At Alorny, we build exactly this. We take your strategy, convert it to MQL5 code, backtest it on real broker data, optimize it, and deliver a working EA in hours. We don't generate text about trading. We generate systems that trade.
Your strategy deserves more than ChatGPT. It deserves an EA built to your exact rules, tested on real data, and optimized for live markets.
The Real Cost of DIY Trading Automation
You can spend months trying to build a trading bot yourself. You'll struggle with broker API documentation, manage timezone issues, handle connection failures, and discover your backtest results don't match live trading (they never do).
Or you can tell us your strategy. We'll show you a working demo in 45 minutes. Full delivery in hours. Live backtest included. No hallucinations. No language generation. No invented results.
Most traders waste 6+ months trying to code their own solution. By then, the strategy has already drifted from market changes. The real cost isn't the time—it's the missed compounding from a proven system.
Key Takeaways
• ChatGPT lacks execution infrastructure: 500-2000ms response time vs 1-50ms professional execution speed.

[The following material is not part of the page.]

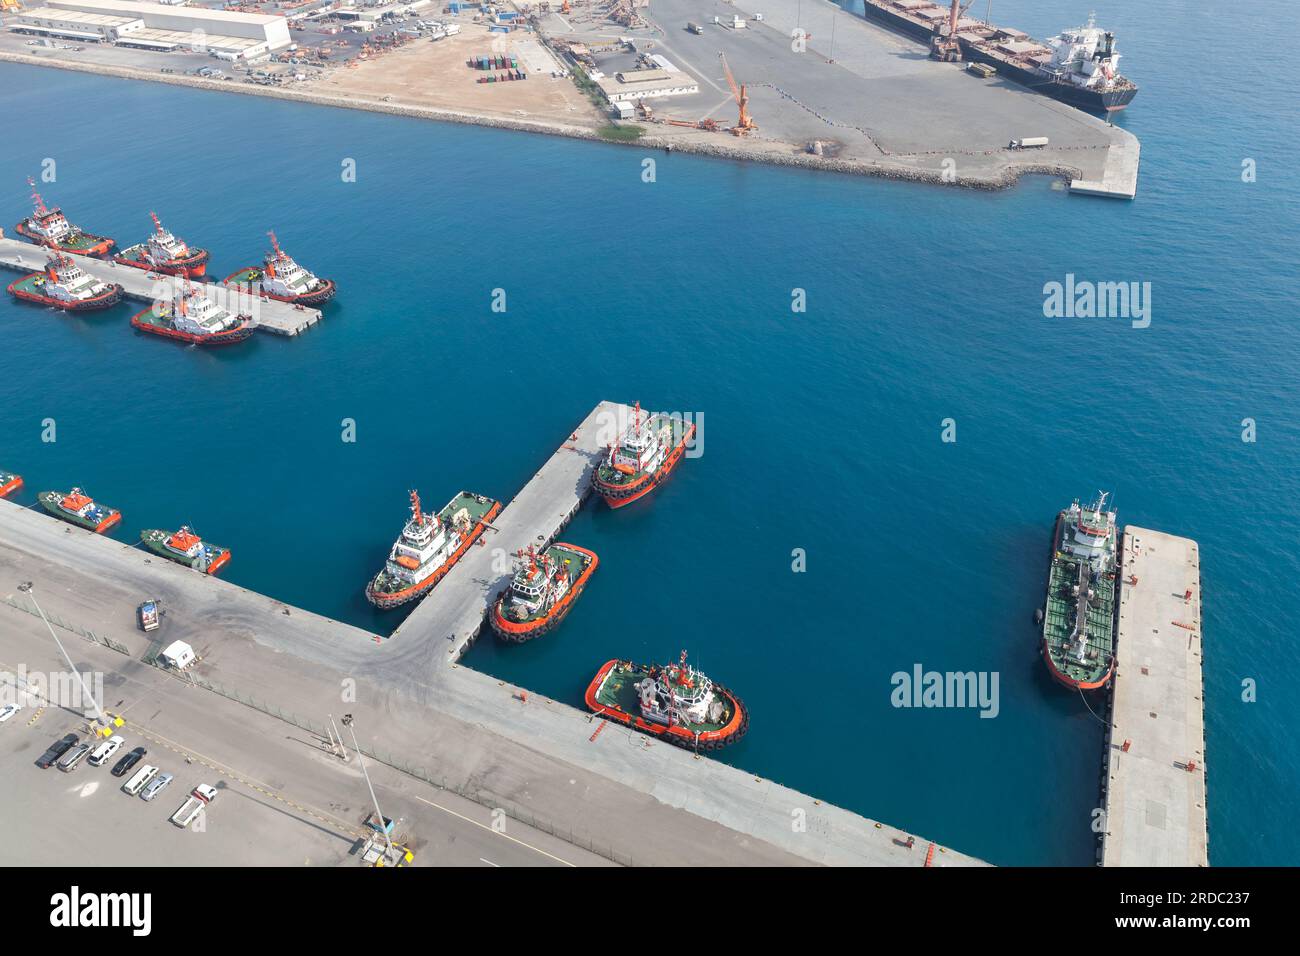 Fleet of tug boats of Jeddah Islamic Seaport, aerial photo taken on a sunny day Stock Photo

• LLMs hallucinate in financial contexts: Confident-sounding answers with zero basis in real data.
• No real-time market adaptation: Static language models cannot respond to regime shifts or volatility changes.
• Backtesting in ChatGPT is fictional: No access to real market data means no honest performance metrics.
• Custom Expert Advisors solve this: Live execution, proper risk management, real backtests, measurable results.